Читать книгу "Боль - Ольга Богуславская"
Шрифт:
Интервал:
Закладка:
- А когда выходил?
- Воровал. Едет в трамвае, приходит домой, вытаскивает из кармана деньги и начинает: она сама виновата, сумку подставила... Муж стал водить его с собой в театр, за кулисы, чтобы он увлекся и забыл о своем любимом "деле". Один раз они возвращаются домой, он сам не свой: да что ж это такое, бросают вещи где ни попадя, вот пиджак бросили на стул, а в нем деньги. Муж в ужасе спрашивает: какой пиджак? Саша описал. Тогда Леня бросился к телефону, набрал номер и говорит: "Ростислав Янович, у нас с вами похожие пиджаки, извините ради бога, я у вас из кармана деньги забрал - думал, мои". Оказалось, это был пиджак Плятта. Он год просидел у меня в коммуналке, потому что я никуда не могла его устроить, и прописки у него не было. Правда, вскоре у меня наладились отношения с министром МВД Щелоковым. И я понимала, что в случае чего он меня спасет.
- Батюшки мои, какие отношения со Щелоковым?

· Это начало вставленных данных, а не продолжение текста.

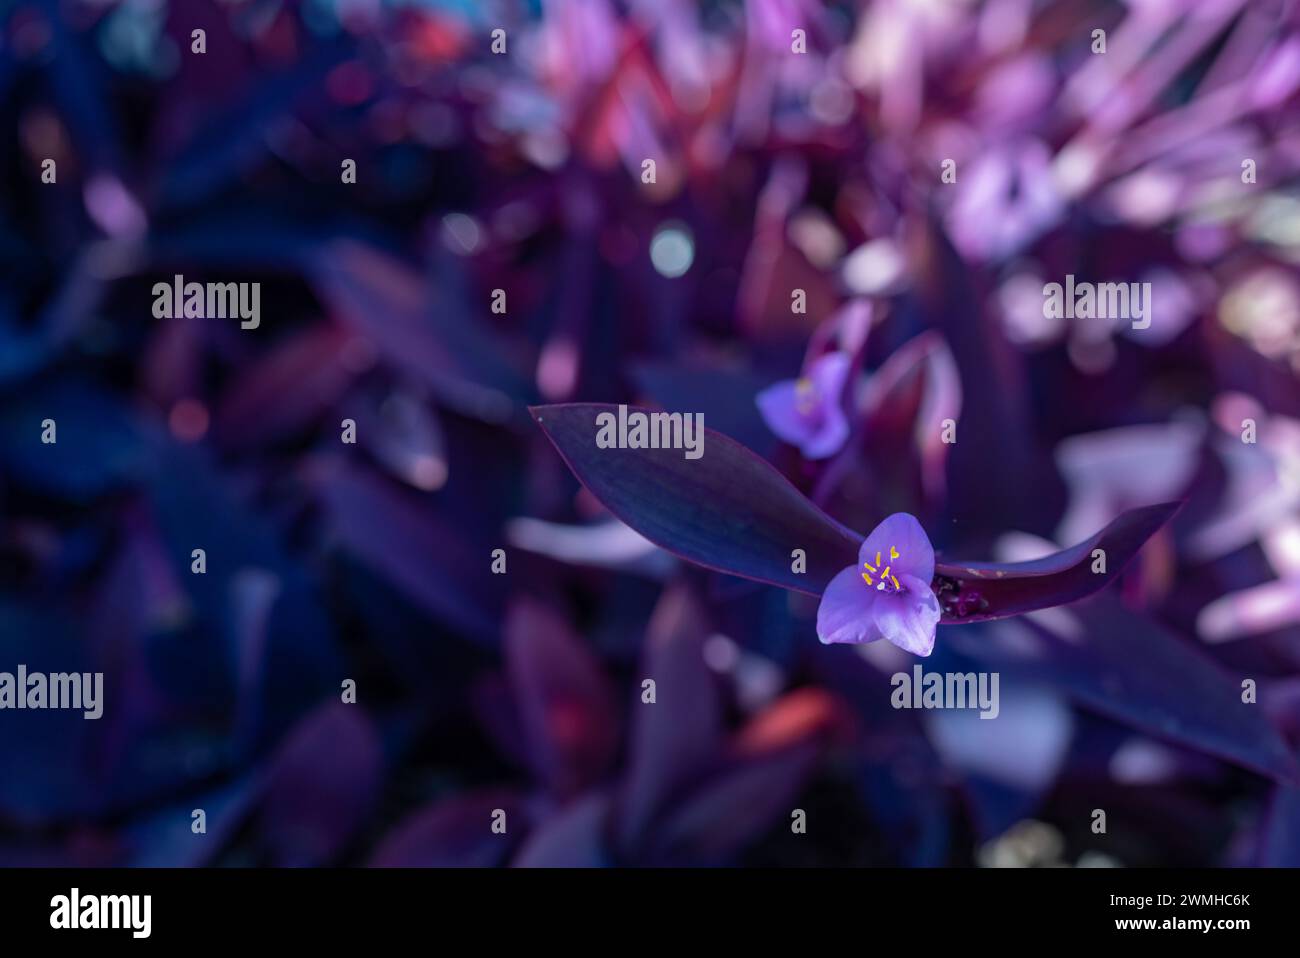 Blurred purple heart plant. Purple leaves background with a pink flower closeup Stock Photo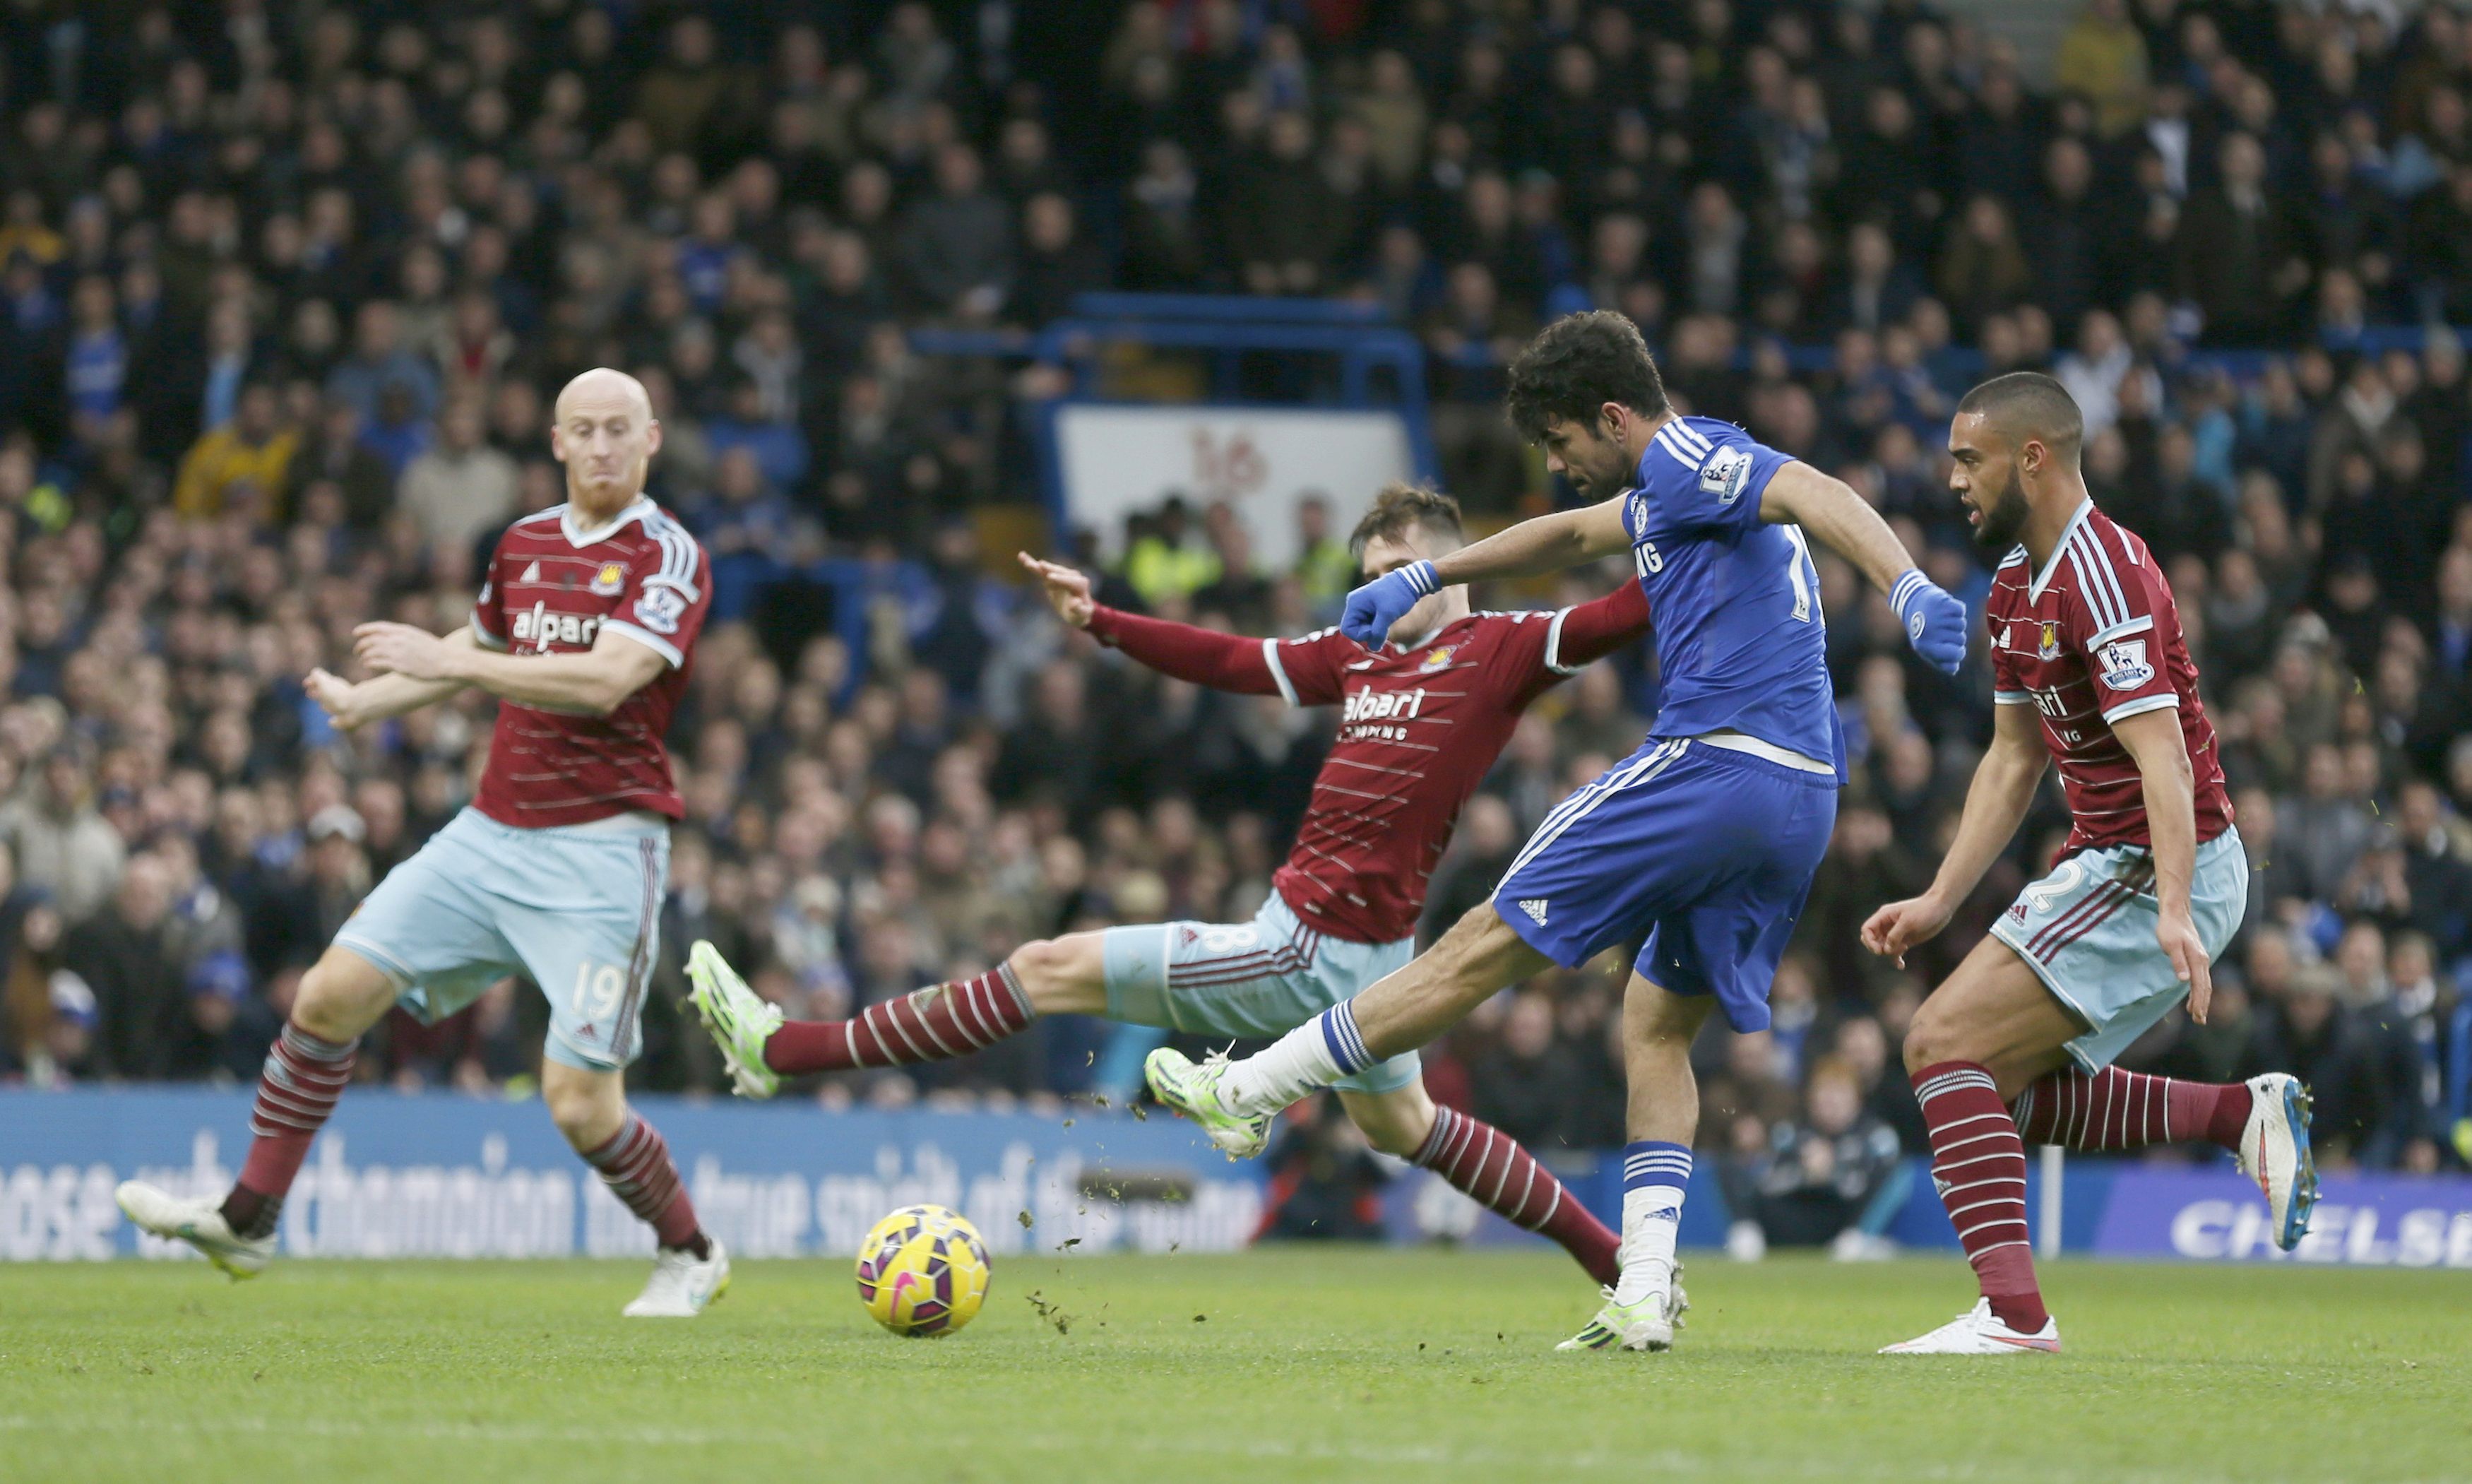 Chelsea's Diego Costa (2nd R) shoots to score a goal against West Ham United during their English Premier League soccer match at Stamford Bridge in London, December 26, 2014. REUTERS/Stefan Wermuth (BRITAIN - Tags: SOCCER SPORT TPX IMAGES OF THE DAY) FOR EDITORIAL USE ONLY. NOT FOR SALE FOR MARKETING OR ADVERTISING CAMPAIGNS. EDITORIAL USE ONLY. NO USE WITH UNAUTHORIZED AUDIO, VIDEO, DATA, FIXTURE LISTS, CLUB/LEAGUE LOGOS OR 'LIVE' SERVICES. ONLINE IN-MATCH USE LIMITED TO 45 IMAGES, NO VIDEO EMULATION. NO USE IN BETTING, GAMES OR SINGLE CLUB/LEAGUE/PLAYER PUBLICATIONS.

- Ужасно смешной случай. А начинать надо издалека. Был такой поэт Митрейкин, про которого когда-то Маяковский писал "кудреватые митрейки" или что-то в этом роде. У него остался сын по имени Вольт. И Вольт Митрейкин организовал в какой-то московской школе группу по защите Конституции. Им нужно было печатать прокламации, они украли пишущую машинку - короче говоря, их арестовали и всем дали по 25 лет. И когда умер Сталин и началась реабилитация, ко мне домой пришли два человека, которые сидели с Вольтом. Они пришли просить, чтобы я помогла Вольту. И первое, что я сделала, это нашла ему "заочницу". Тамара жила в Пушкино, и она начала писать ему письма. А я начала хлопотать о снятии статьи по краже машинки, потому что 59-ю статью сняли сразу. И вот мы с этими двумя Арнольдами, так звали его друзей, и одной Тамарой довольно быстро преуспели в деле защиты Вольта, и он приехал. В московской прописке ему отказали сразу, потом отказали в областной, мы стали его прятать. Жил он у Тамары. А в это время уже появился на горизонте Ахто Леви, который написал про свои тюремные злоключения знаменитую книжку "Записки серого волка". Он занимался организацией статьи в "Литературной газете" о том, что преступность растет, потому что людей, которые возвращаются из мест лишения свободы, не прописывают дома и им некуда деться. И я принимала участие в подготовке этой статьи. Ну вот, звонит мне Леви и говорит: приезжайте, надо поговорить насчет статьи, я ему отвечаю, что мне не до этого, у меня Вольт Митрейкин не прописан, и неровен час его схватят, и будут неприятности. Да и что толку вам рассказывать об этом, вы же мне не поможете. И он мне отвечает: кто знает, я завтра буду у Щелокова. А я Щелокова тогда не знала и в сердцах говорю: ваш Щелоков говно и меценат.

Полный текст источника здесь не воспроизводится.